The total surplus product of the food producers is what enables the raw materials producers to produce raw material rather than food.
“Although the labour of the direct producers of means of subsistence breaks up into necessary and surplus labour as far as they themselves are concerned, it represents from the social standpoint only the necessary labour required to produce the means of subsistence. Incidentally, the same is true for all division of labour within society as a whole, as distinct from the division of labour within individual workshops. It is the labour necessary for the production of particular articles, for the satisfaction of some particular need of society for these particular articles.” (p 635)
So long as these different articles are produced in the correct proportions, so that, for example, only sufficient food supply is thrown on to the market, to meet the demand of the raw material suppliers, and vice versa, then these commodities will exchange at their values – and later under capitalism at their prices of production. If this proportion is not met, however, then the demand for some commodities will not coincide with the supply and so market prices will diverge from exchange values, and prices of production. This is one of the causes of crises of overproduction described by Marx and Engels, as I have set out in my book, Marx and Engels' Theories of Crisis.

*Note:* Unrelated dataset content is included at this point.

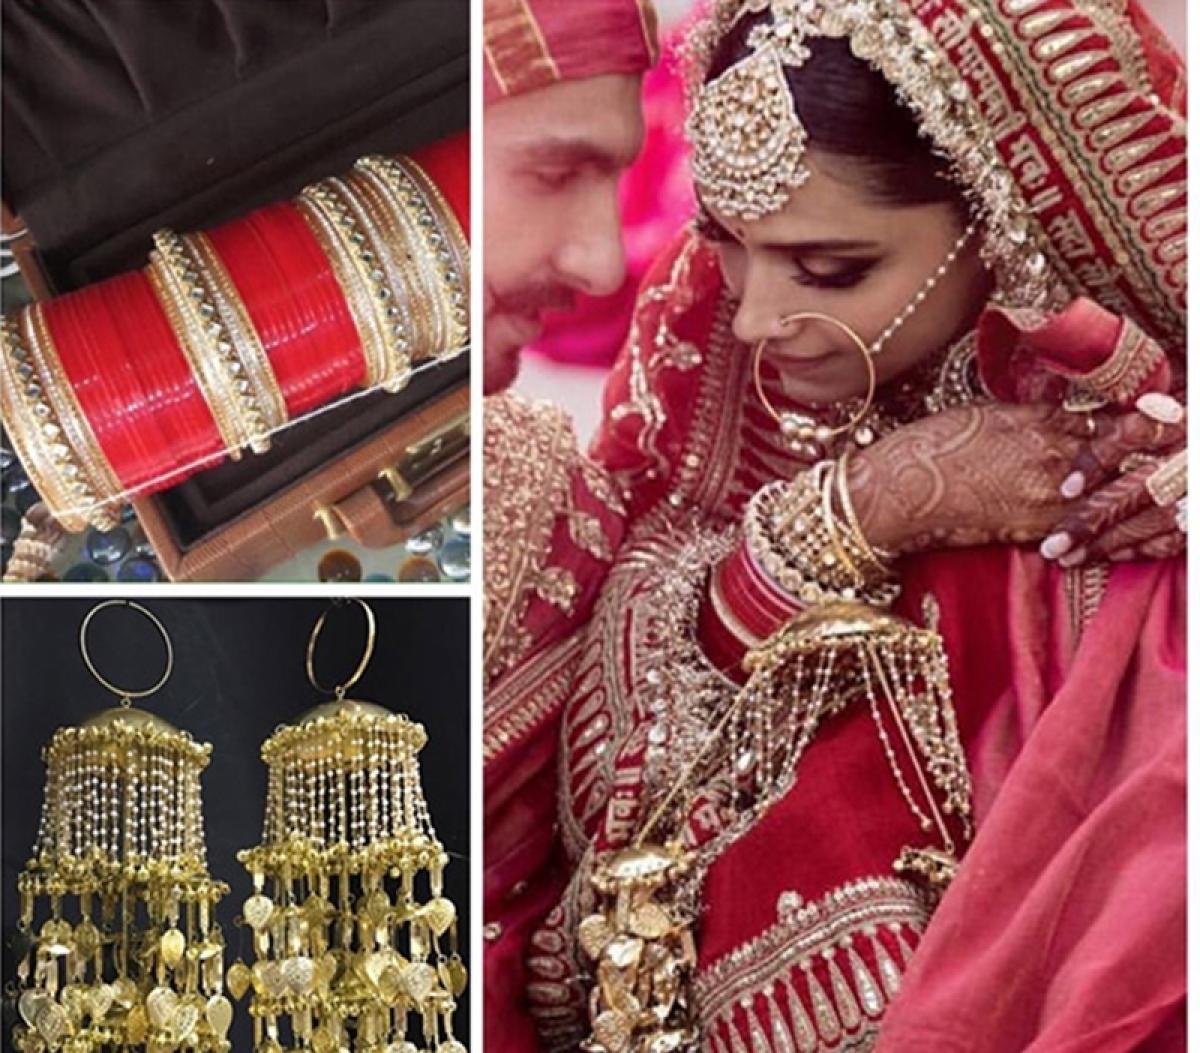 #DeepVeerkishaddi: Asneak peek at Deepika's stunning Punjabi Chura and Kaleeras!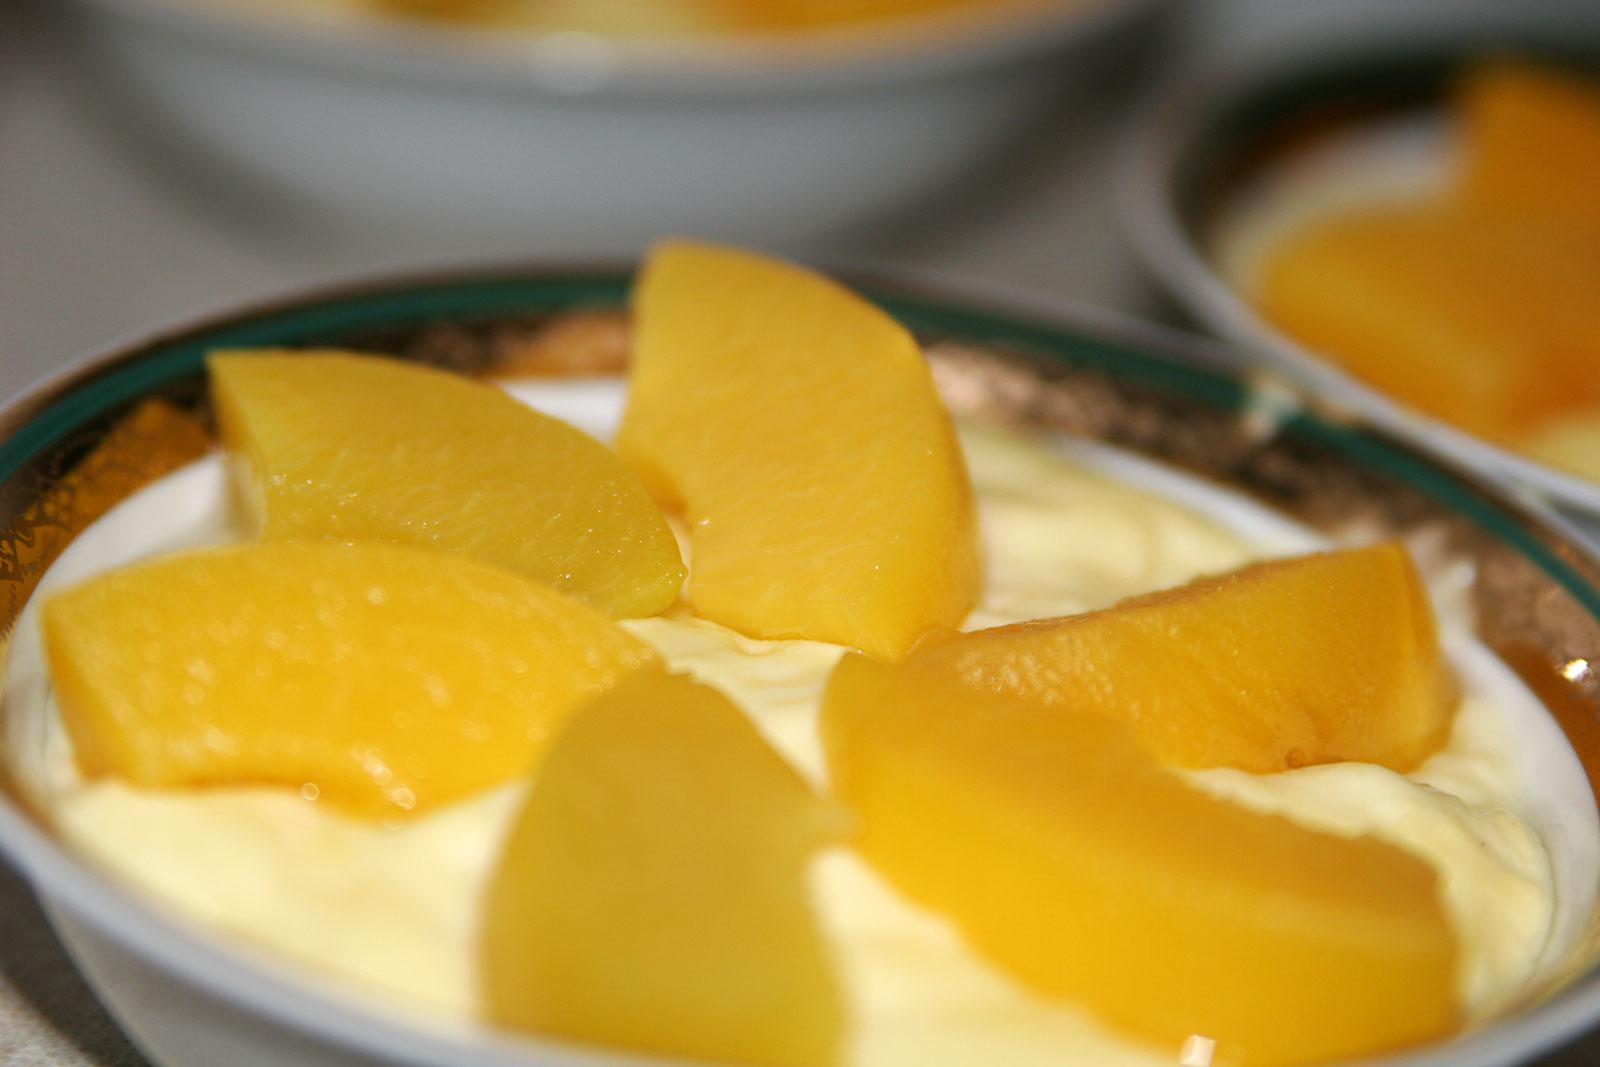 FilePeach Dessertjpg Wikimedia Commons

“It is indeed the effect of the law of value, not with reference to individual commodities or articles, but to each total product of the particular social spheres of production made independent by the division of labour; so that not only is no more than the necessary labour-time used up for each specific commodity, but only the necessary proportional quantity of the total social labour-time is used up in the various groups. For the condition remains that the commodity represents use-value. But if the use-value of individual commodities depends on whether they satisfy a particular need then the use-value of the mass of the social product depends on whether it satisfies the quantitatively definite social need for each particular kind of product in an adequate manner, and whether the labour is therefore proportionately distributed among the different spheres in keeping with these social needs, which are quantitatively circumscribed. (This point is to be noted in the distribution of capital among the various spheres of production.) The social need, that is, the use-value on a social scale, appears here as a determining factor for the amount of total social labour-time which is expended in various specific spheres of production. But it is merely the same law which is already applied in the case of single commodities, namely, that the use-value of a commodity is the basis of its exchange-value and thus of its value.” (p 635-6)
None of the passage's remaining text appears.